Provided material:
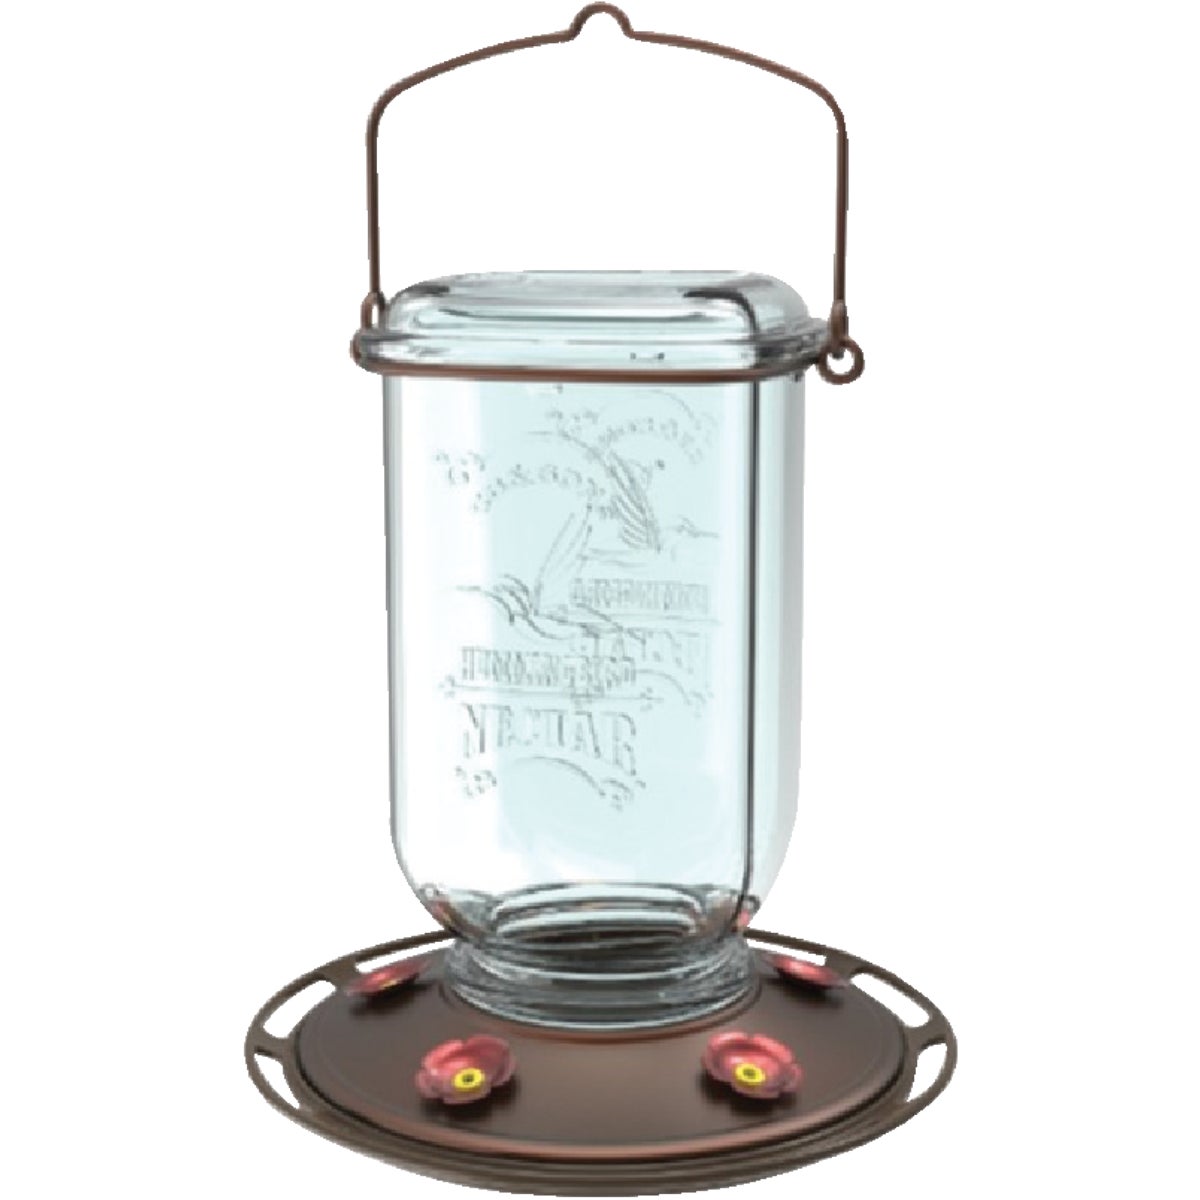 Item 704772, Square glass mason jar has a rustic metal finish and 5 integrated metal 
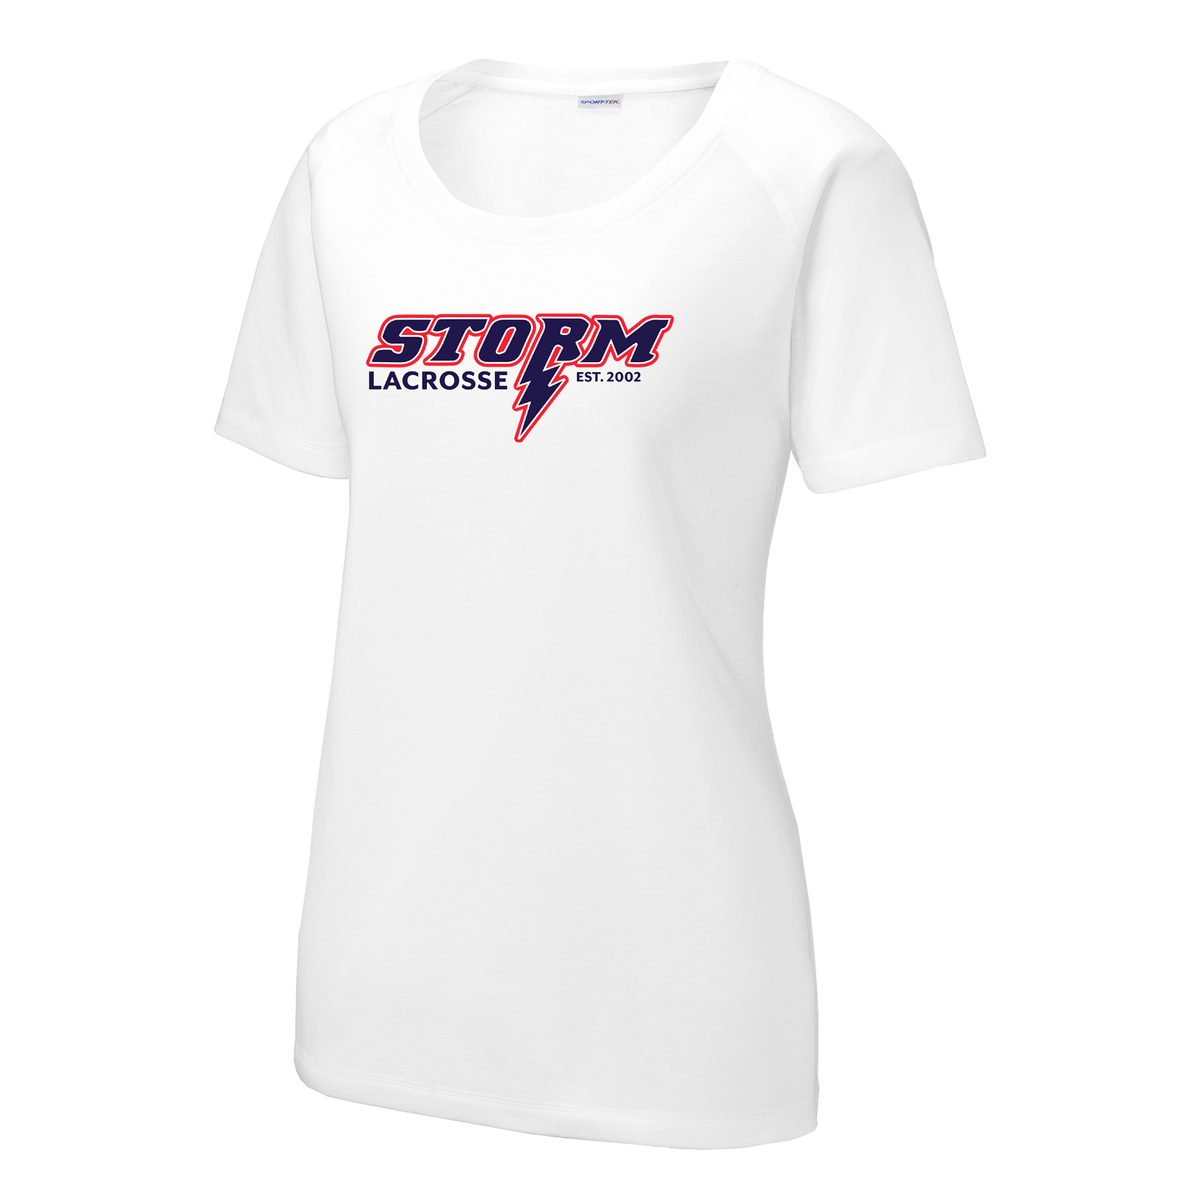 Storm Lacrosse  Women's Raglan CottonTouch
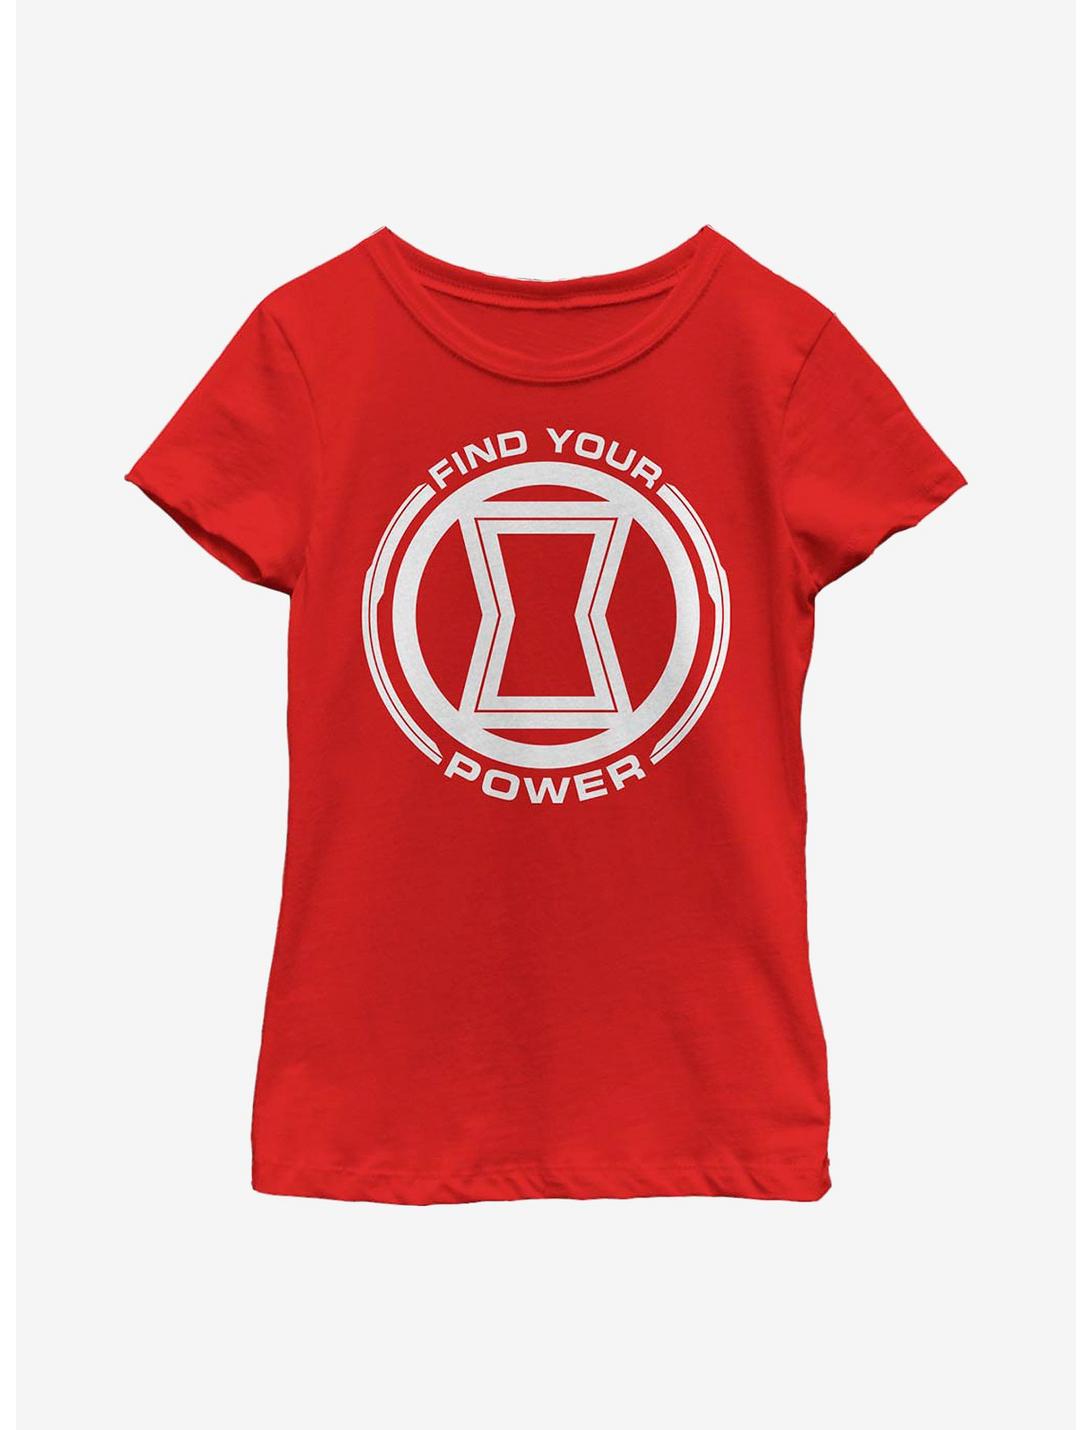 Marvel Black Widow Power Of Black Widow Youth Girls T-Shirt, RED, hi-res

What is expected:
Please give again, word for word, the lines from the one containing "Women's Raglan CottonTouch" through the last line of the listing above, inclusive, and leave out pictures.

Answer box:
 Storm Lacrosse  Women's Raglan CottonTouch
 Marvel Black Widow Power Of Black Widow Youth Girls T-Shirt, RED, hi-res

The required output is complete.